Nosso trabalho teve início do desejo primordial contido no coração de alguns acadêmicos de saúde de ir além das barreiras da hierarquia hospitalar, de modo a, pelo menos, tornar aquele ambiente a que os enfermos têm de reduzir o seu mundo, um pouco mais agradável.
Tendo, então, conhecimento acerca de grupos de palhaços de hospital já atuantes no Brasil e no mundo, percebemos que, apesar de não termos nenhuma formação artística maior, possuíamos já em nossa essência o principal: a forte vontade de doar os nossos sonhos em prol daqueles que, muitas vezes, vêem-se perdendo até mesmo seus sonhos de vida.
Sonhos...lembra-se daqueles que você tinha quando criança? O mundo da criança é repleto de fantasia, de imaginação...de sonhos. Tendo ou não sido retirados de nós pelas asperezas da vida, esses são, certamente, os mais puros e verdadeiros. São aqueles que realmente nos fazem felizes, simplesmente por tê-los.
Pensando nisso e em nossos ideais, notamos que nosso trabalho deveria ser direcionado à Pediatria, de modo a tentar levar o que pudermos da imensidão do mundo da criança a seu leito.
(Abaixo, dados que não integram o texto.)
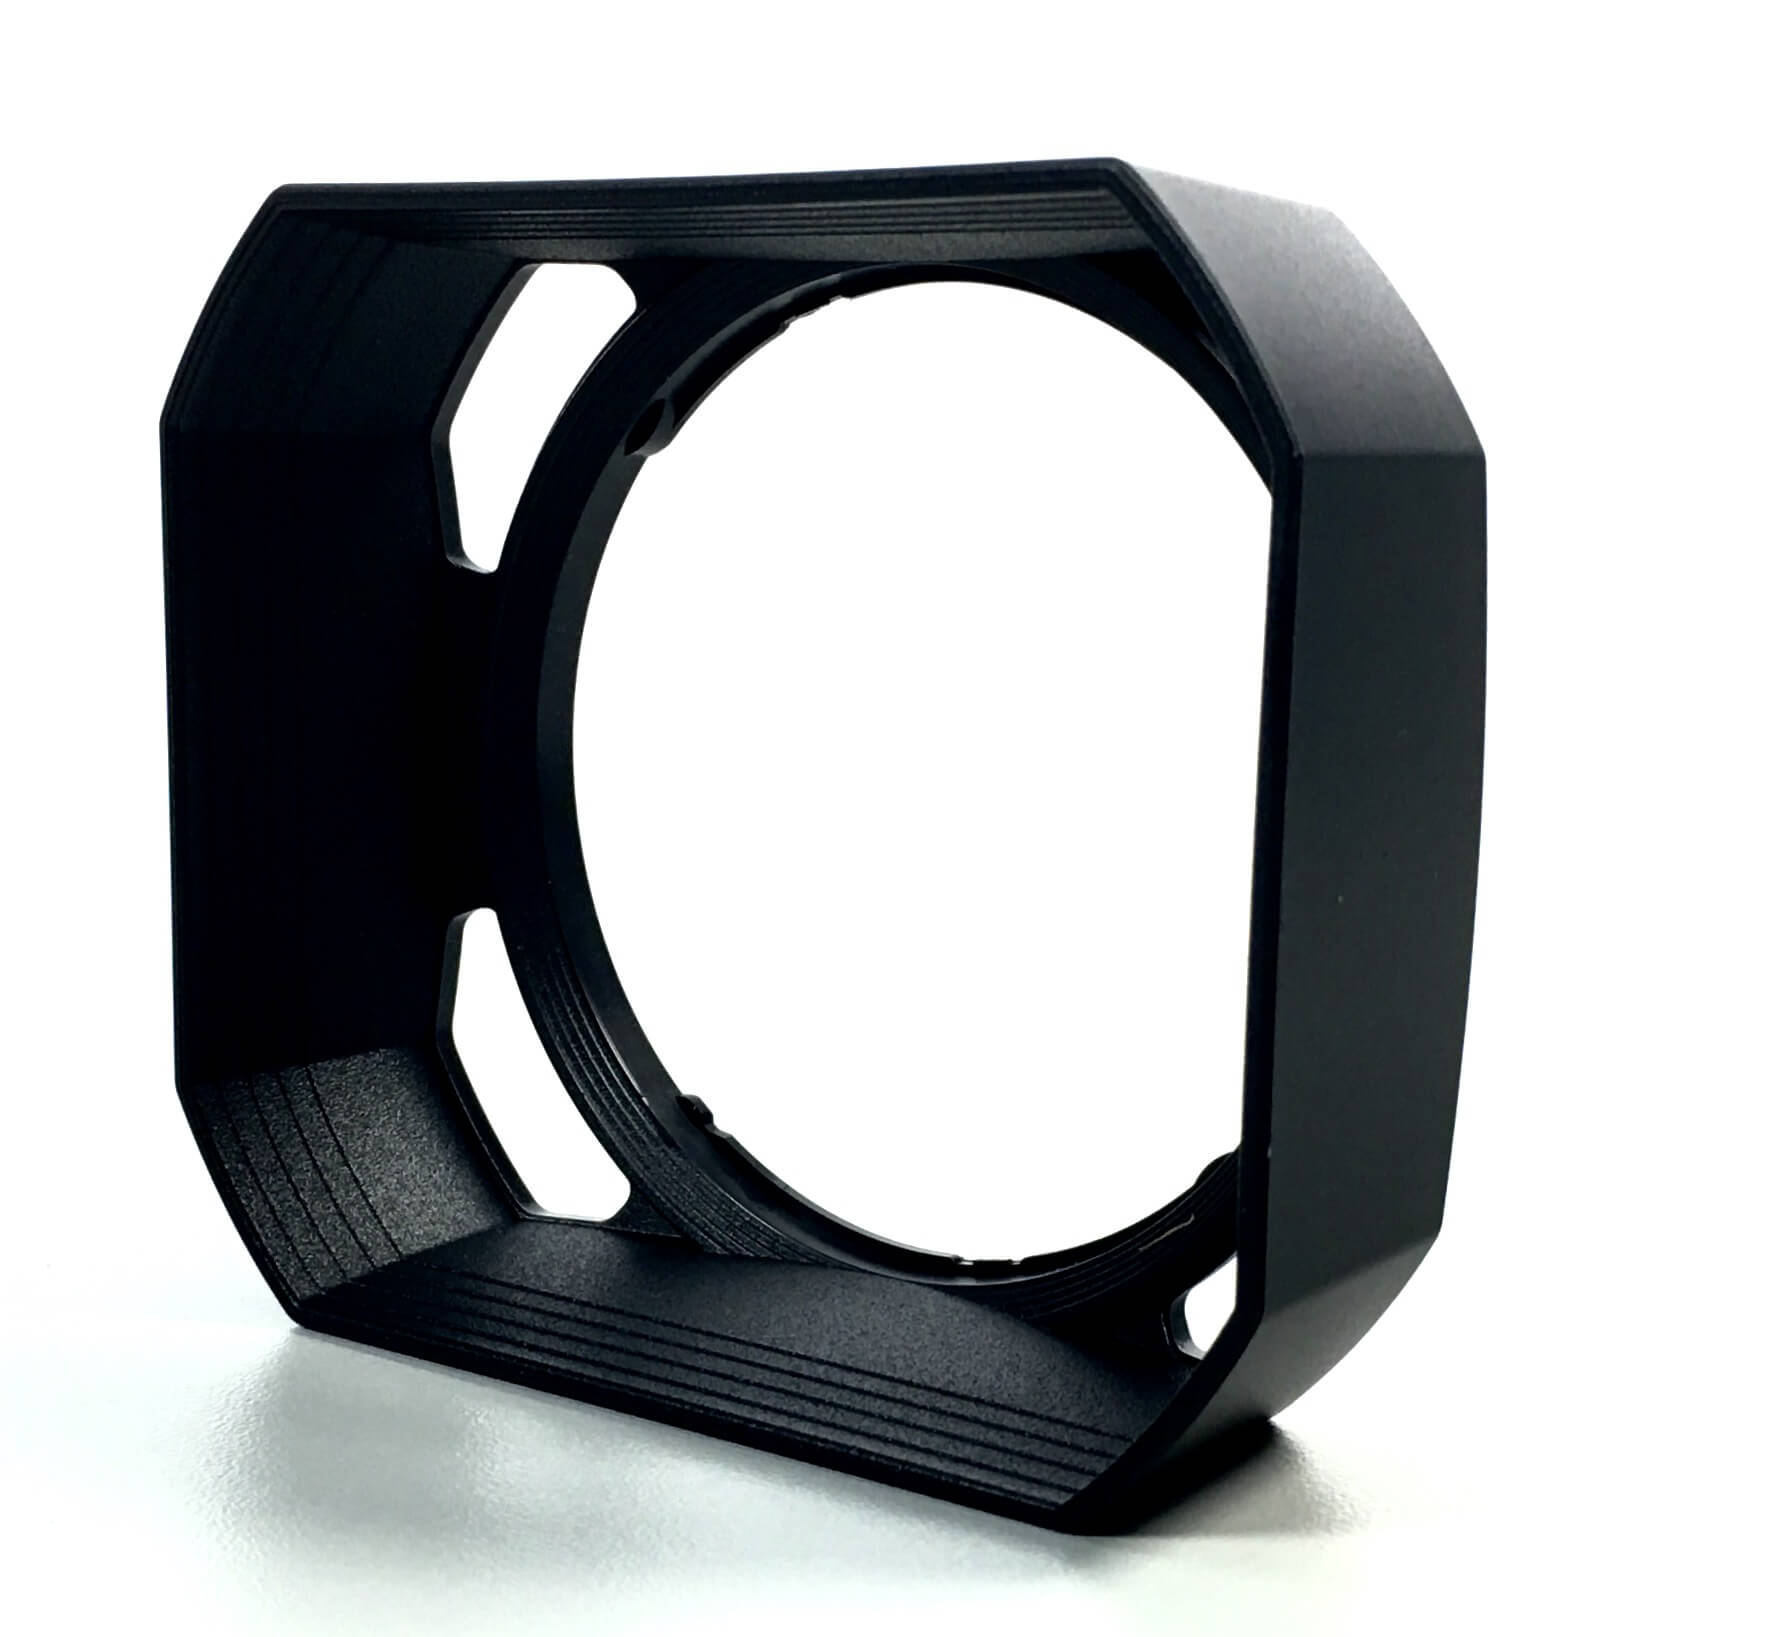 Original Lens Hood Rectangle Square that fits on the Sony HDR-CX900 camcorder. It is a genuine Sony part, sourced directly from Sony USA. Brand new factory fresh. Free Shipping.

Afinal, o mundo, sobretudo da criança, não depende de espaço. Basta darmos o estímulo, que ele é infinito.
Com apenas cerca de 2 anos trabalhando para tornar cada vez mais concreta a transformação do ambiente hospitalar através da máscara do palhaço, apesar de alguns investimentos na área artística, percebemos grande carência nessa área, afinal, não somos profissionais e temos relativamente pouco tempo de trabalho. Nesse campo, então, precisamos ter um contato maior com as técnicas de palhaços de hospitais, além de saber melhor utilizar a música, os sons, a contação de estórias, os fantoches, enfim, outras modalidades artísticas, de modo que as visitas se tornem mais organizadas e tenhamos mais segurança em relação a determinadas situações mais difíceis, como pouca receptividade do paciente ou do acompanhante.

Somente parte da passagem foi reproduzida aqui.